Codegen and compilation run serially to avoid GPU context issues with process forking.
**Success rate**: 99.5% (3,760/3,780 measurements succeeded)
---
## Example Workflow: New Data Collection
```bash
# 1. Generate problem set
cd problems/
python create_miopen_training_set.py \
--input /path/to/ALL_CONFIGS_FULL.txt \
--output forward_training_new.py \
--count 500
# 2. Collect training data
cd ..
python grouped_conv_full_benchmark.py \
--variant forward \
--category full \
--workers 256 \
--output new_training_data.csv
# 3. Convert to parquet
cd ../../dispatcher/heuristics
python convert_csv_to_parquet.py \
--input ../../tile_engine/ops/grouped_conv/new_training_data.csv \
--output data/grouped_conv_forward_bf16_gfx950/new_data.parquet
# 4. Train model
python train.py \
--data_dir data/ \
--out_dir models/grouped_conv_forward_bf16_gfx950_v2 \
--op grouped_conv \
--variant forward
# 5. Validate (sanity check on training shapes)
cd validation/grouped_conv
python validate_training_shapes.py --direction forward
```
---
## Performance Results
### Forward Pass (Production-Ready)
- **Mean efficiency**: 99.67% on 10 unseen MIOpen shapes
- **Perfect matches**: 70% (7/10 selected exact oracle best)
- **Min efficiency**: 98.4% (even on edge case: 1×491 spatial)
- **Selection time**: <1ms (vs 30-60s exhaustive search)
### Backward Passes (Prediction-Validated)
- **Bwd Data**: 14,562 samples, prediction quality tested
- **Bwd Weight**: 18,150 samples, prediction quality tested
- **Status**: Models trained, hardware validation pending
See [dispatcher/heuristics/GROUPED_CONV_ML_SUMMARY.md](../../dispatcher/heuristics/GROUPED_CONV_ML_SUMMARY.md) for full metrics.
---
## Hardware Tested
- **GPU**: AMD MI300 (gfx950)
- **Datatypes**: BF16 (primary), FP16, FP32
- **Pipelines**: CompV3, CompV4, CompV5 (forward), CompV3/Mem (backward)

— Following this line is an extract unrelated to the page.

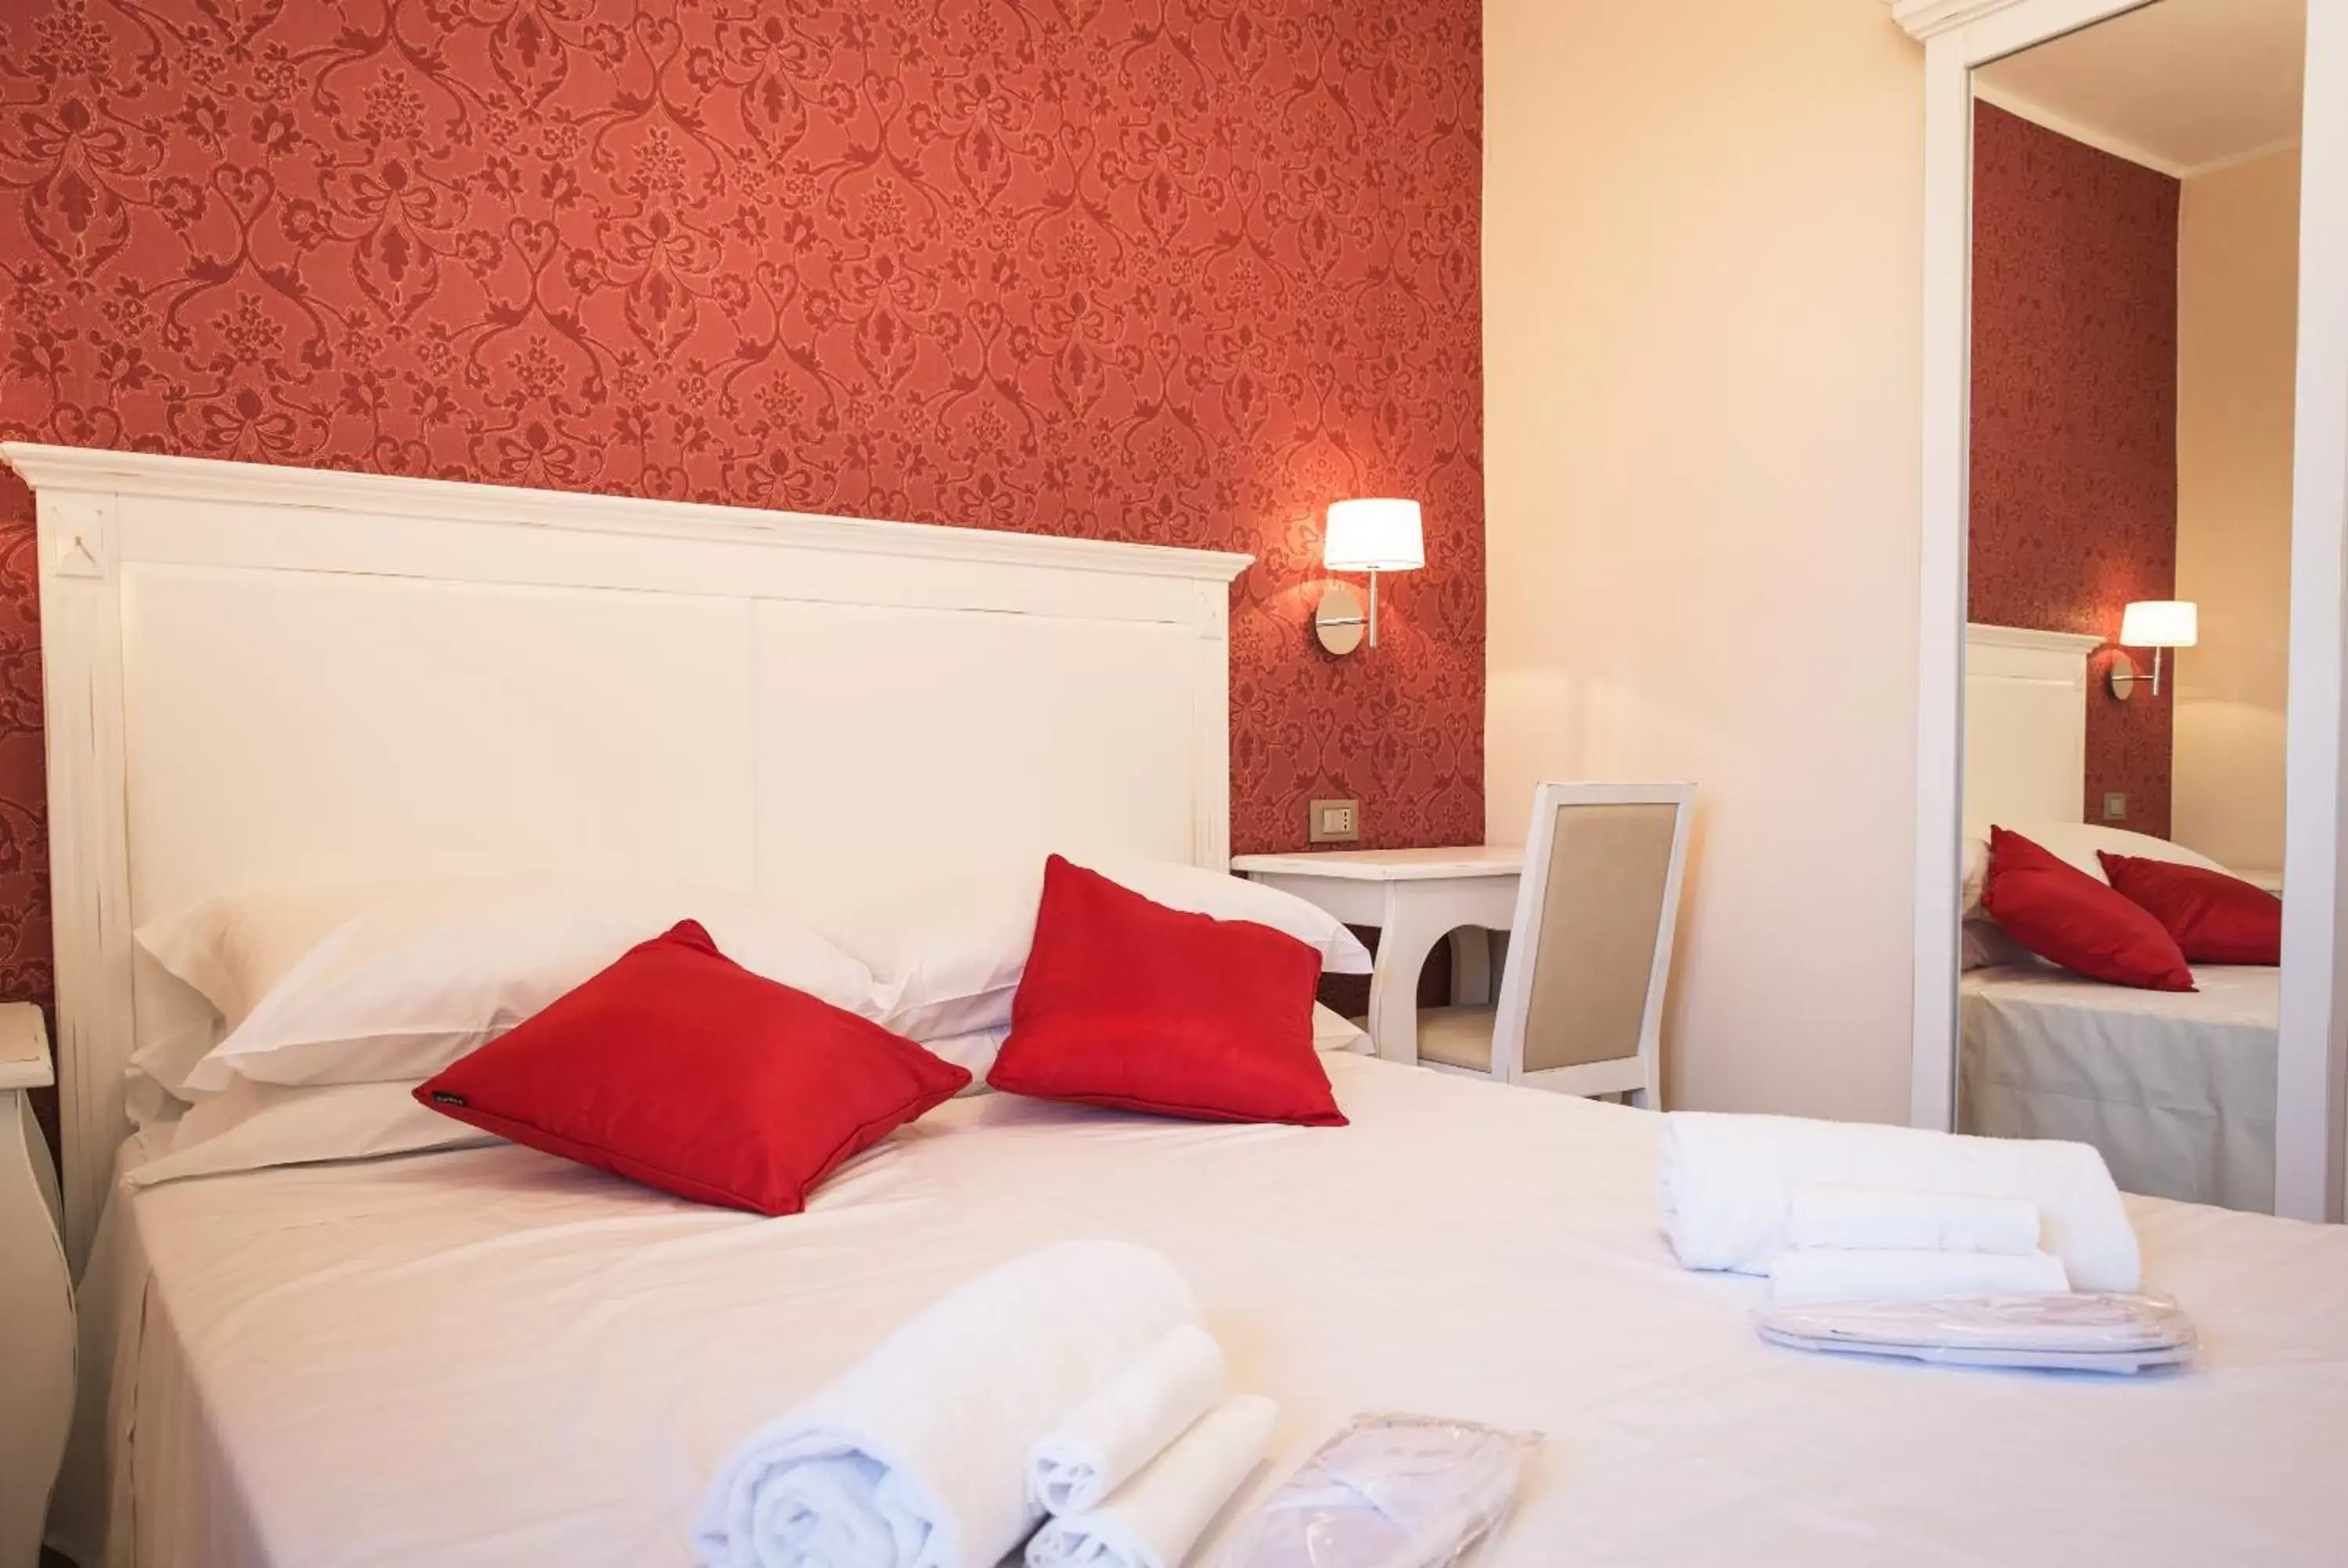 Bed, Room Photo in La Dimora di Francesco

- **Schedulers**: Intrawave, Interwave
- **Tile sizes**: 16×64×64, 32×64×64, 64×64×64, 128×128×64, etc.
---
## Related Documentation
- **ML System Overview**: [dispatcher/heuristics/GROUPED_CONV_ML_SUMMARY.md](../../dispatcher/heuristics/GROUPED_CONV_ML_SUMMARY.md)
- **Training Pipeline**: [dispatcher/heuristics/README.md](../../dispatcher/heuristics/README.md)

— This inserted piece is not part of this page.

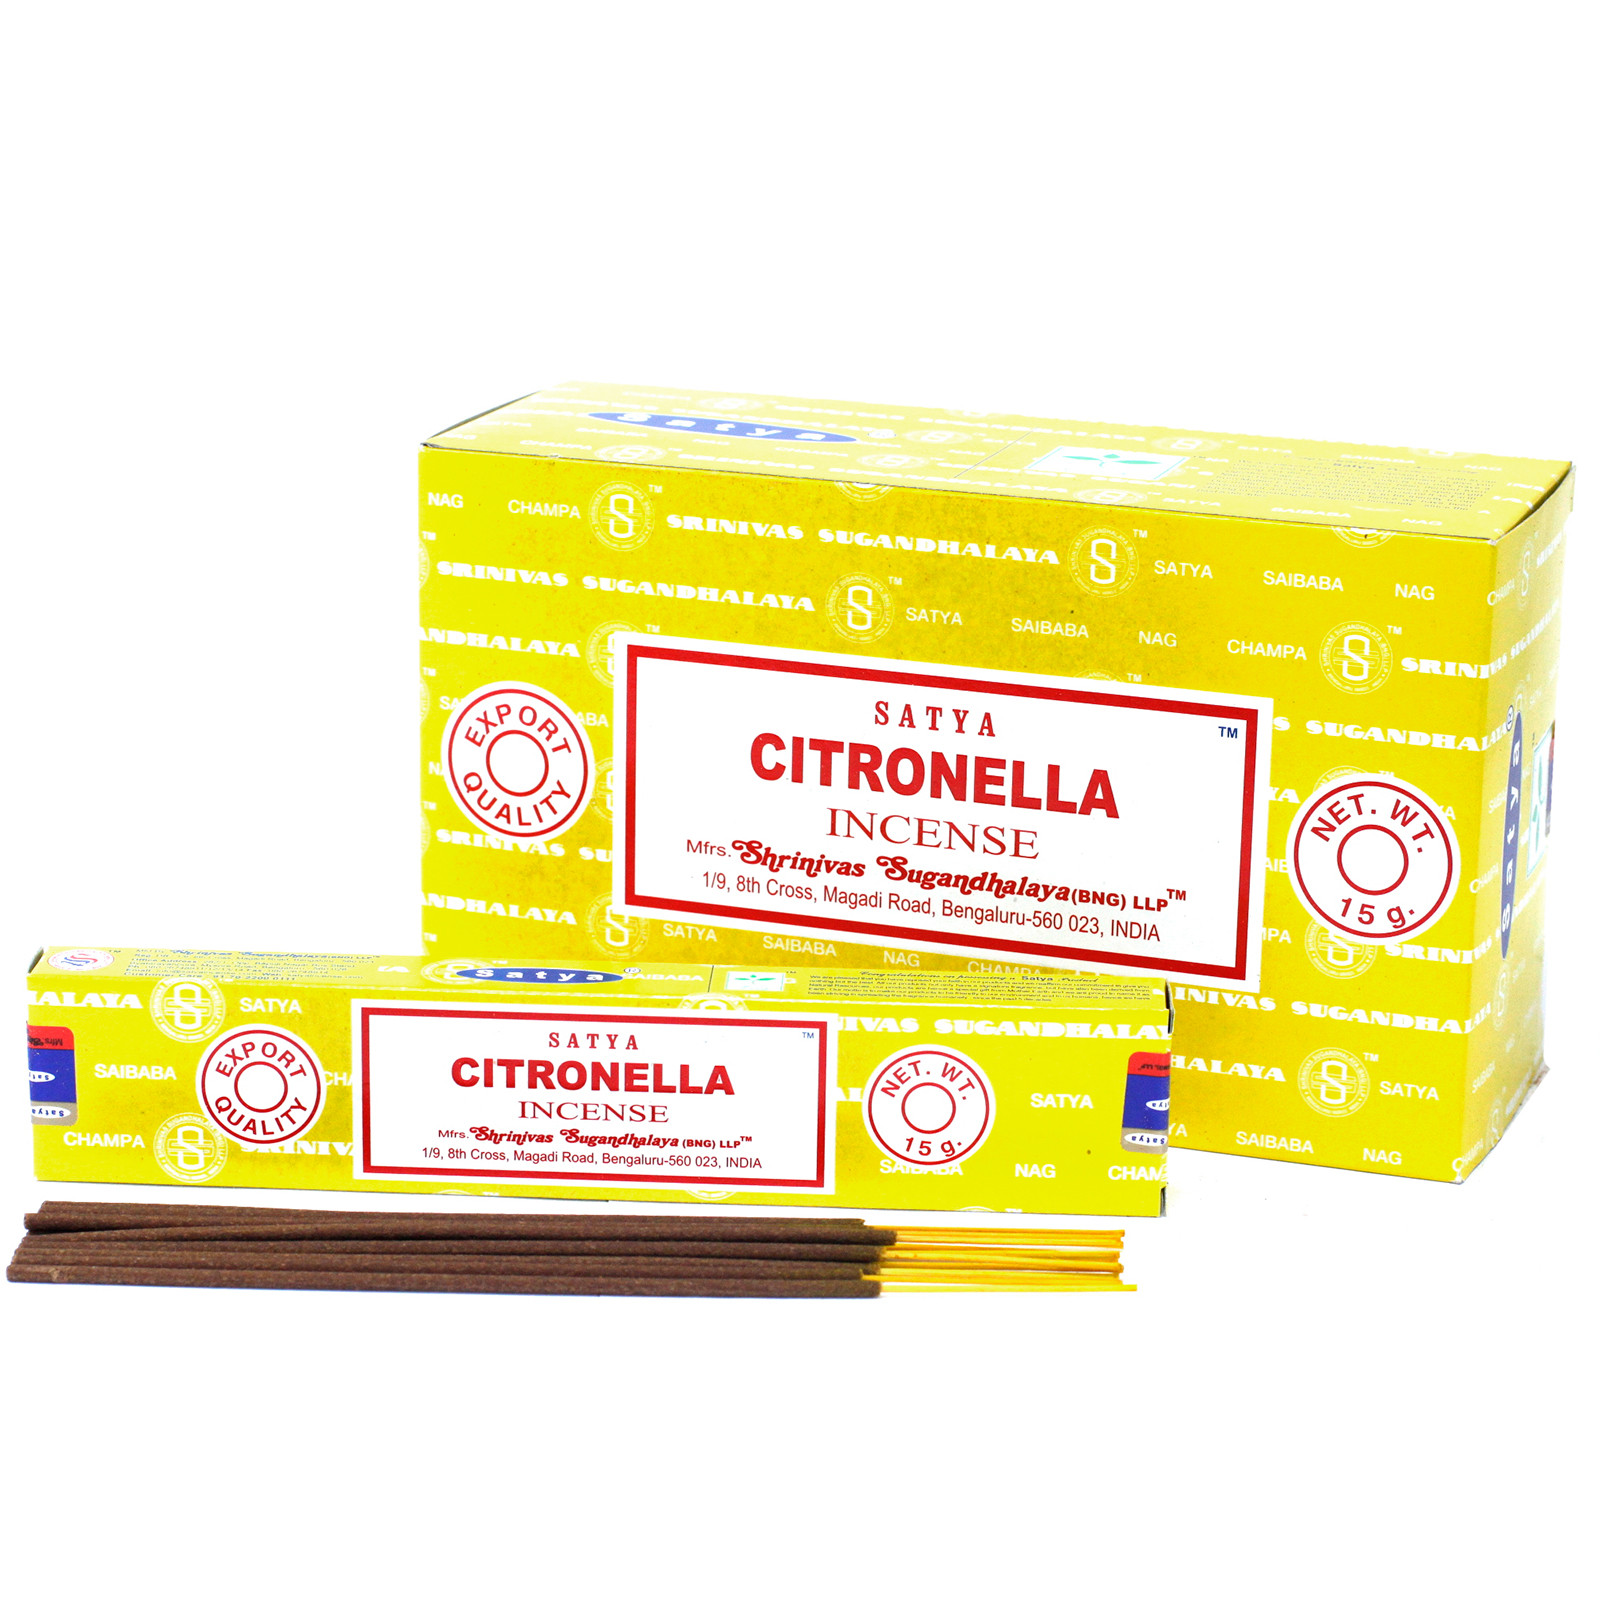 3 x 15g Packs Satya Incense Sticks - Citronella

- **Validation Framework**: [dispatcher/heuristics/validation/README.md](../../dispatcher/heuristics/validation/README.md)
- **Python Examples**: [dispatcher/examples/grouped_conv/python/README_ML_HEURISTIC.md](../../dispatcher/examples/grouped_conv/python/README_ML_HEURISTIC.md)
---
## Next Steps
**For Forward Pass**: Production-ready, integrate into runtime dispatcher
**For Backward Passes**: Run prediction-quality check
```bash
cd ../../dispatcher/heuristics/validation/grouped_conv
python validate_backward_models.py
```
Target: >85% mean efficiency on unseen shapes before production deployment.